Today you should read: Ephesians 5:22-33
Today’s passage has been one that can cause a lot of division. This idea of submission between husband and wife is one that in our American culture is seen as “ignorant” or “old school.” We want to be seen as progressive in our thinking toward women and men. We should be seen as equal partners. In many cases the wife is the one who leads the home and the husband submits. I would argue that this passage is in agreement that both men and women are equally important and equal partners in the home. There is great hope in the instruction and the order that God has set up for the home.
Paul’s first instruction is to the wives. They are to “submit to your own husbands as to the Lord.” This is literally saying that submitting to the leadership of your husband is an act of worship to the Lord. Submitting to your husband has little to do with your husband. For a wife to submit to her husband in the way that this passage describes means you have to have a complete trust and confidence in Jesus Christ as Lord. You may say, “I don’t think that my husband is capable to lead.” I would counter back with do you think that God through Jesus is capable to lead your husband? If your answer is no then I pray and I hope you pray that God grows him in these areas.
I want to be clear that this passage is not saying that you cannot contribute to the decisions of your household. Absolutely, you should not only contribute but a good husband will want your impute because God has designed you to be his helper (Genesis 2:18). As a husband I am often faced with tough decisions for our home and my wife is the first one that I ask for impute and help. Often she has excellent ideas and input that we end up going with. This passage is also not saying that as a wife you can’t oversee certain areas of your household. My wife is great at organizing and detail so we meet to together from time to time to discuss decisions to be made about our finances but she oversees it because she is better at it. Finally, this passage is not saying that you should ever live in an abusive situation. If this is your situation please seek help from your pastoral staff and appropriate authorities.
This leads me to the husband, we as husbands are called to lead as servant leaders in our home. If you read verse 25 it should convict all of us. We are to give ourselves to our wife as Christ gave himself to the church. Christ came and sacrificed himself not only in leadership but even to death on a cross so that we can be saved. This means that every decision that we make for our home should be for the benefit and edification of our wife. Our main goal is to inspire and encourage her in her faith. Husbands sacrifice our own desires for the good and betterment of our home.

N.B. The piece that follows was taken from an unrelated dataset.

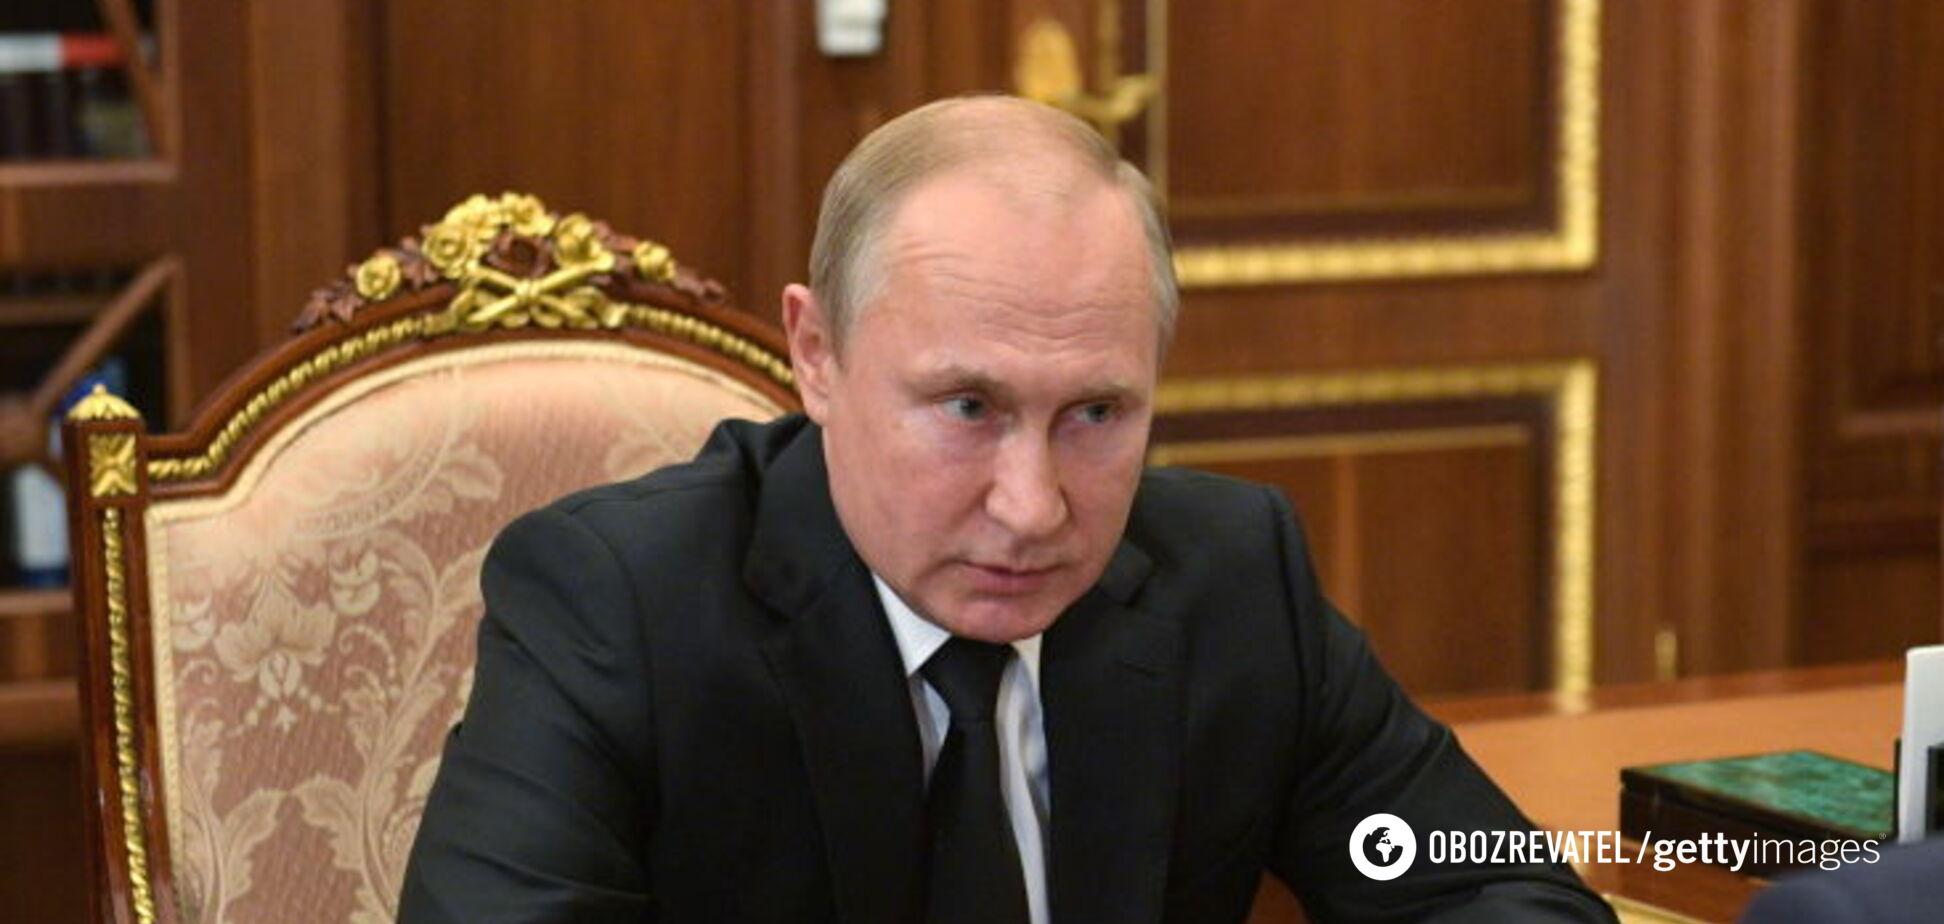 Путин разорвал договор о ракетах с США: что это означает

This passage does not say that we Lord over our wives. Jesus is Lord over you and your wife. We as husbands are stewards and we will answer to how we treat his daughters. This passage does not say that your family helps lead your home. Verse 31, says that you leave your father and mother and cling to your wife. She is now your main family. It does not mean that you can’t accept some wisdom from your family but final decisions should be made between husband and wife. I can’t tell you how many couples that I have either counseled or just known about through friendship that the lack of leaving and cleaving has caused great harm in the marriage. One couple that I know ended in divorce over this issue. If you are reading this and you are an In-law I encourage you to push your children to leave and cleave to one another. Finally, this passage does not say that your wife is less that you. In many cases your wife will be smarter and more talented than you. Good leadership will result in those you leading flourishing not floundering. There is no room for pride in God’s model of leadership.
Questions to ponder:
Husbands are you serving your wife sacrificially? Is she growing closer to God because of your leadership? Is she flourishing or floundering? Do you make it easy for your wife to submit to your leadership?
Wives are you praying for your husband’s leadership? Do you submit to your husband’s decisions for your family? Are you a helper or a hurter?